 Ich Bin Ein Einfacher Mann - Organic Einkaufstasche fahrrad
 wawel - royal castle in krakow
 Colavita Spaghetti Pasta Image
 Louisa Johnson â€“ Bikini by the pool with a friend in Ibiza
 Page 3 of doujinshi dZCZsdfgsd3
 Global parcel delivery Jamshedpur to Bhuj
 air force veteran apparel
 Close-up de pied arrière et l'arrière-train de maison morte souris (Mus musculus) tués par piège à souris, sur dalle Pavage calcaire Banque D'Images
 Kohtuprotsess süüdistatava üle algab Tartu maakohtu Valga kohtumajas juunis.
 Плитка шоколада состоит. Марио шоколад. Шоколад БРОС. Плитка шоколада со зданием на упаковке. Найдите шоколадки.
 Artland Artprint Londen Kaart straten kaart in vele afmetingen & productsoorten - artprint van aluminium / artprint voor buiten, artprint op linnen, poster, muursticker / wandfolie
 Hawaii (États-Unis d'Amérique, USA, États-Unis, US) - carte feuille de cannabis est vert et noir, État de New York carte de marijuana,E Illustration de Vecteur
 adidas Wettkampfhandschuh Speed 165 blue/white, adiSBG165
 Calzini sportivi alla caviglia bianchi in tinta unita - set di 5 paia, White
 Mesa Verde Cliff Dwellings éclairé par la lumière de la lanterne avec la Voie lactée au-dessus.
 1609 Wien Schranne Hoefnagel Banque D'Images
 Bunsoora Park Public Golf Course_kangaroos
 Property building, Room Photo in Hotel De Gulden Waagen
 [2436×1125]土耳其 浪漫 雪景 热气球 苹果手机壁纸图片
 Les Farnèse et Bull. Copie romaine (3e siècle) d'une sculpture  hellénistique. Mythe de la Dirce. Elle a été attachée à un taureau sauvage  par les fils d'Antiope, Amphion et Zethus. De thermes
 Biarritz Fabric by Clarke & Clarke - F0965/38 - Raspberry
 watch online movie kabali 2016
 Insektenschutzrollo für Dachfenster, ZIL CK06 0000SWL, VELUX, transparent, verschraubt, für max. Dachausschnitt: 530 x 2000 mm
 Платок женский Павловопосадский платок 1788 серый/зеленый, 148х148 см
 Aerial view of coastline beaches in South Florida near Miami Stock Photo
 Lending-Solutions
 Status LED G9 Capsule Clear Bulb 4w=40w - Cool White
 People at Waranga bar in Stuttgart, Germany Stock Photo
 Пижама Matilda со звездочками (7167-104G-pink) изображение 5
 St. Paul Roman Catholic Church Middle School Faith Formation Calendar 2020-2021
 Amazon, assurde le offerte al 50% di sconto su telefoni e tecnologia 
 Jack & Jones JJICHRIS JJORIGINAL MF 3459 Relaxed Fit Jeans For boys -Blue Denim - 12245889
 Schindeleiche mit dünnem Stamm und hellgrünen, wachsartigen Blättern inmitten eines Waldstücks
+ + + + + + +
### Work task
Count how many of the lines in the material include the word "Images", and state that number without anything else.

### Expected answer
2